- Folha de S, Paulo
Ambientalistas escolhem caminho do simplismo e se fecham num gueto sueco
Greta Thunberg, 16, sueca, filha de um ator e uma cantora de ópera, nunca passou fome, sempre tomou banho quente e conectou-se à internet antes de aprender a ler.
No seu discurso na ONU, ela acusou os governos do mundo inteiro de "roubar meus sonhos e minha infância com suas palavras vazias" sobre as mudanças climáticas. Greta, porém, não representa a maior parte dos adolescentes do planeta, nem os adolescentes de tantas gerações anteriores que experimentaram carências vitais.

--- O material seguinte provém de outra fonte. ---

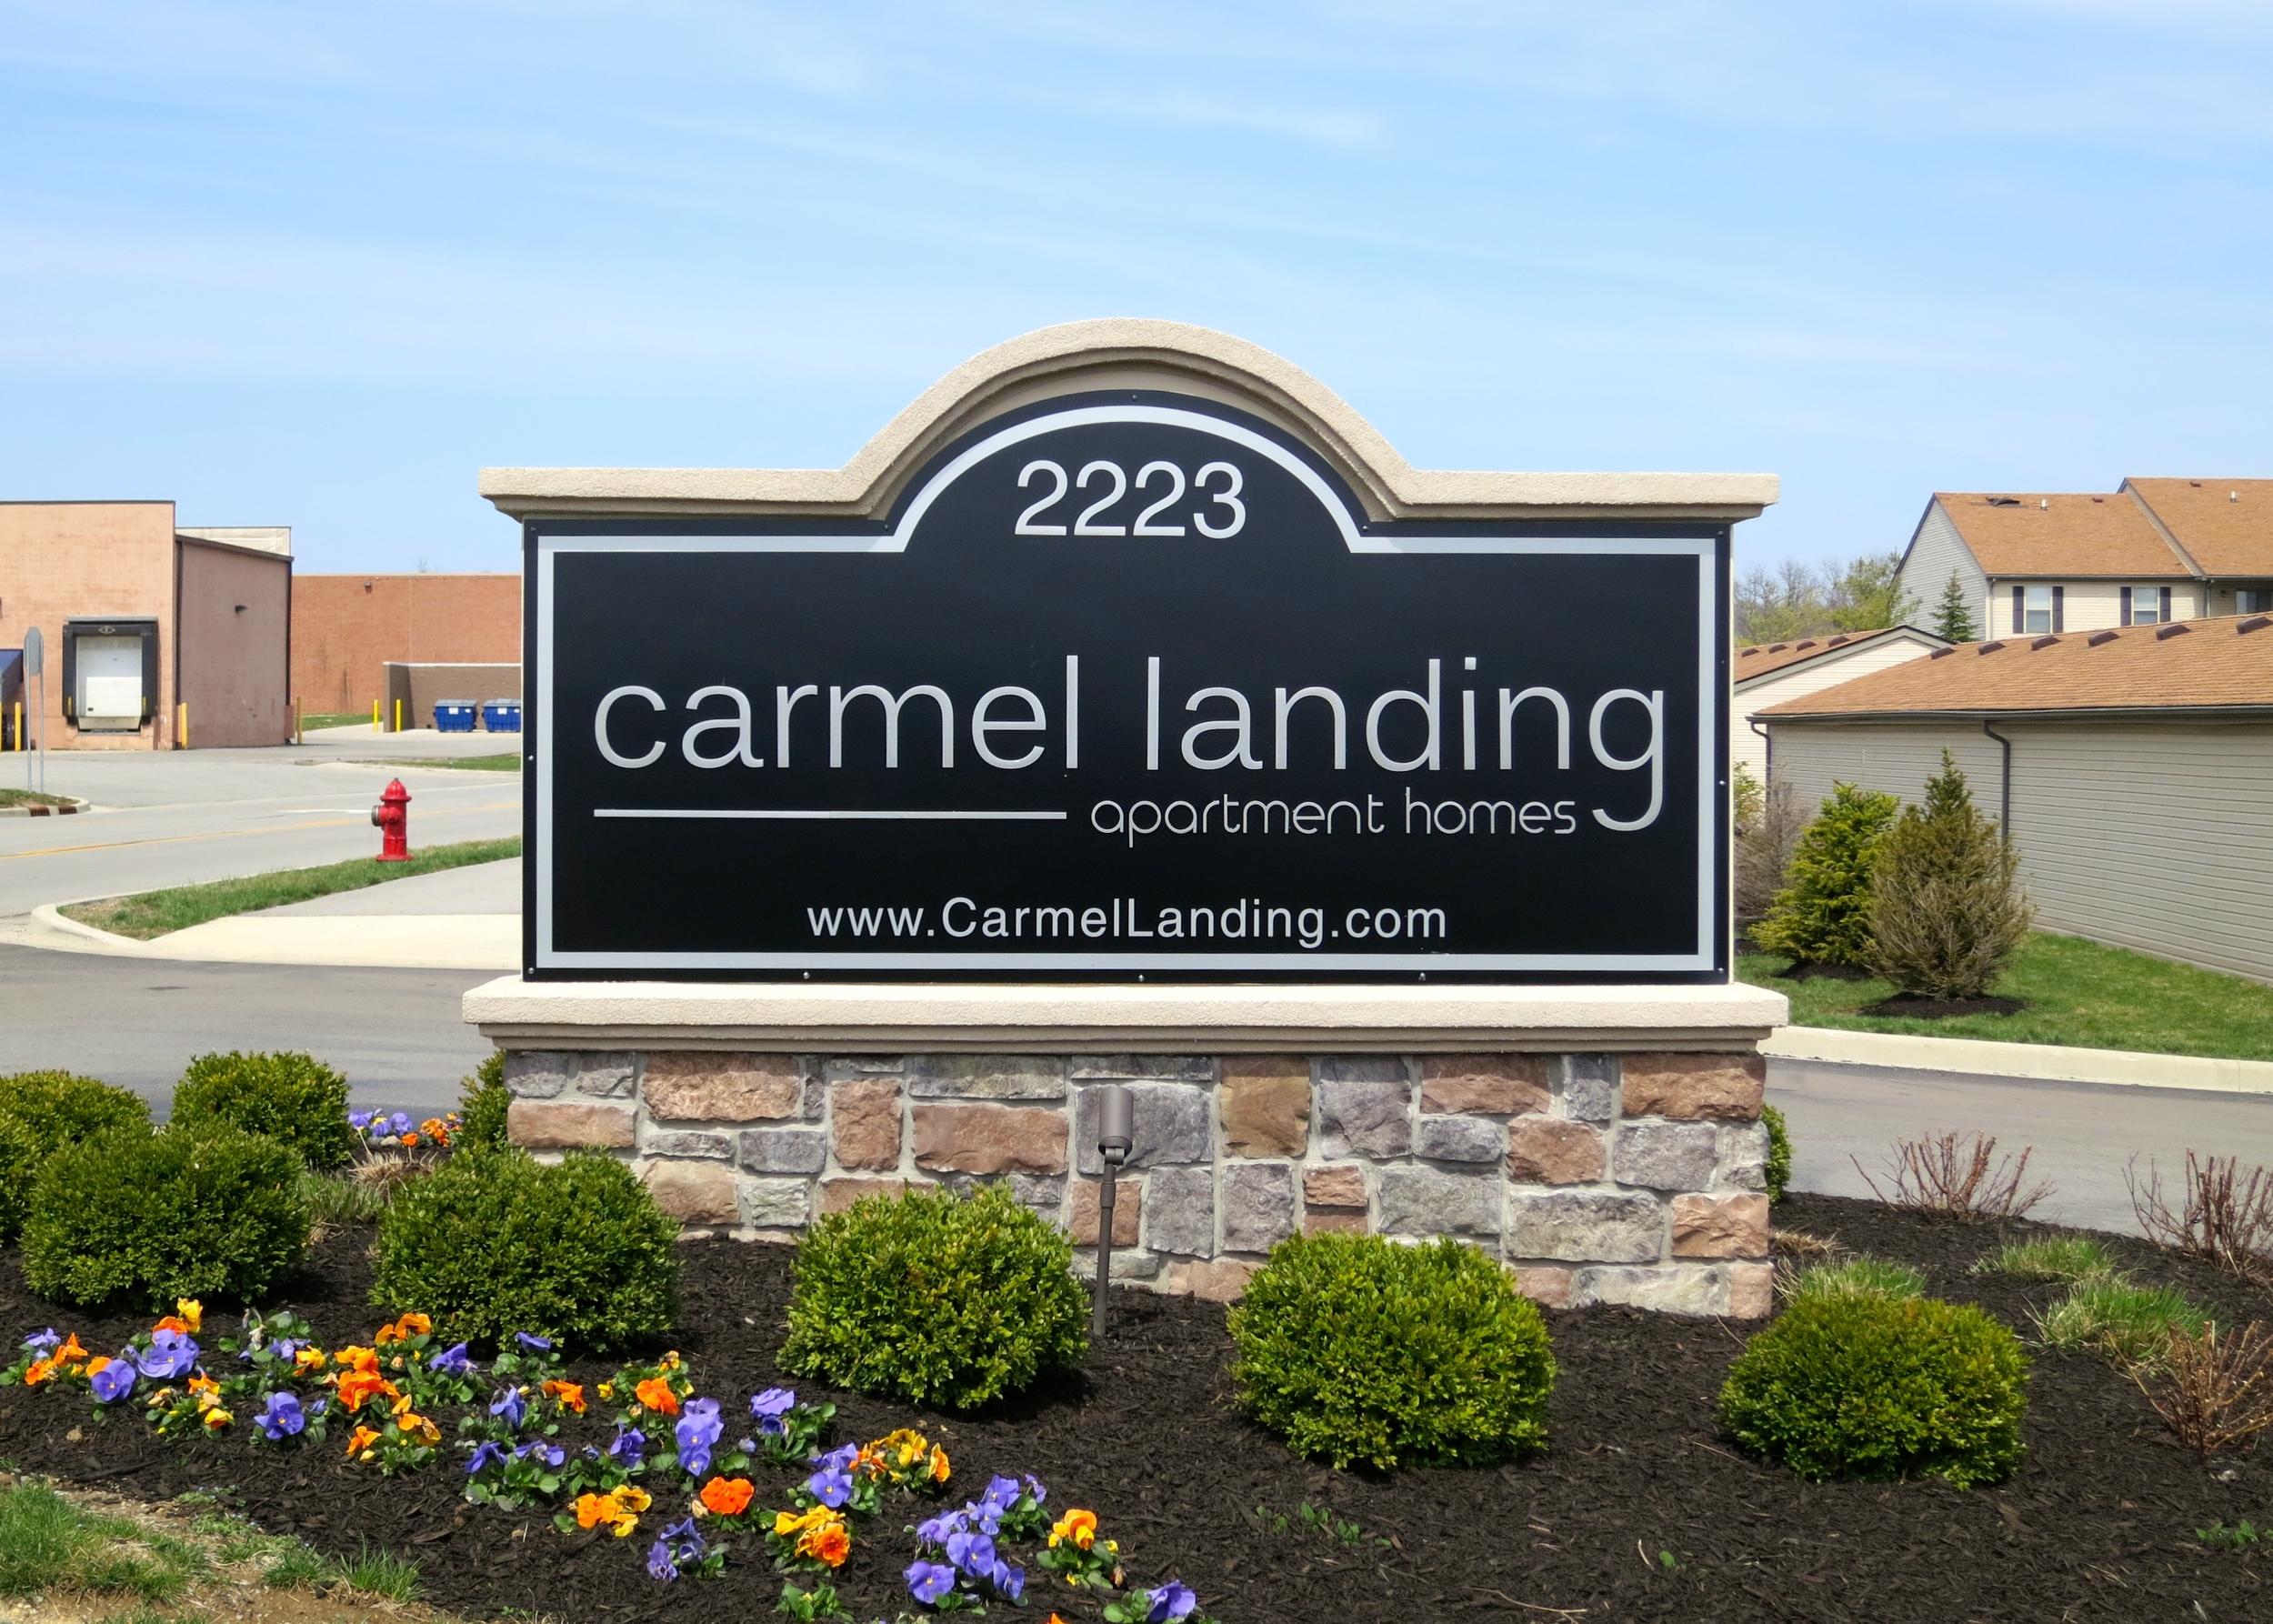 Monument Sign for Carmel Landing Apartment Homes

A história pessoal e familiar ajuda a decifrar o tom chantagista de seu discurso. Há quatro anos, movida por uma obsessão precoce pelo aquecimento global, Greta convenceu seus pais a se tornarem veganos e a renunciarem a viajar de avião, o que cortou a carreira internacional de sua mãe. Para a persuasão familiar, contribuiu o diagnóstico de que a pré-adolescente sofria de um transtorno do espectro do autismo. Da família para o mundo —no palco iluminado da ONU, Greta realiza um salto acrobático destinado a fracassar.
"Por mais de 30 anos, a ciência tem sido cristalinamente clara." Três décadas —a eternidade para quem tem 16 anos— são nada na escala do tempo geológico e um intervalo ínfimo na história humana. A tendência de aquecimento global inscreve-se tanto no ciclo natural do interglacial em curso, iniciado 15 mil anos atrás, quanto na emergência da economia industrial, em meados do século 19. O consenso científico diz que a contribuição humana é decisiva. As mesmas tecnologias e modos de produzir que alçaram a maior parte da humanidade acima do patamar da fome crônica provocaram a elevação das emissões de gases de estufa.
A história recente pode ser contada a partir de um gráfico de temperaturas globais. As devastações das duas guerras mundiais retardaram o aquecimento. A ausência de guerras gerais está na base da anomalia positiva de 0,17ºC por década registrada desde 1970. A ascensão da China é fator crucial para entender a dramática anomalia positiva de 0,43ºC verificada entre 2008 e 2017. A nova potência tornou-se o maior emissor absoluto de gases estufa --e, ao mesmo tempo, tirou centenas de milhões de crianças da miséria.
As Gretas chinesas, asiáticas, africanas, latino-americanas não têm motivos para dizer que seus sonhos e infâncias foram "roubados" pela economia de alto impacto climático.
A ECO-92, o Protocolo de Kyoto e o Acordo de Paris são mais que "palavras vazias". O discurso de Greta flutua acima da história, ignorando os intercâmbios econômicos envolvidos na equação do desenvolvimento sustentável, e paira além da política, colocando no saco genérico de "traidores" os governos engajados em custosos programas de transição energética e os líderes que, como Donald Trump e Jair Bolsonaro, se escondem nas profundezas do obscurantismo. O mundo deve se tornar vegano agora mesmo, adotando a meta de saldo zero de emissões em uma década, algo que só estaria ao alcance de uma ditadura totalitária global.
O movimento ambientalista escolheu dirigir-se ao mundo pela voz de Greta, numa tática que busca circundar um debate complexo entre adultos. "Como vocês ousam?", exclamou a jovem na ONU, quando a pergunta certa é: "Quem ousará contestar as palavras emanadas de uma adolescente pura que clama apenas pelo belo e pelo justo?". A fuga da política, contudo, convida a política a ressurgir, pela porta do populismo.
A ciência está certa ao alertar para a urgência das mudanças climáticas --e as principais vítimas do fenômeno serão as atuais crianças pobres dos países mais pobres. Mas, ao escolher o caminho do simplismo, do fundamentalismo climático, da utopia pré-política, o movimento ambientalista fecha-se num confortável gueto sueco, renunciando ao debate efetivo que se trava contra o "soberanismo" negacionista.
Com quantas Gretas se faz um Ricardo Salles?
*Demétrio Magnoli, sociólogo, autor de “Uma Gota de Sangue: História do Pensamento Racial”. É doutor em geografia humana pela USP.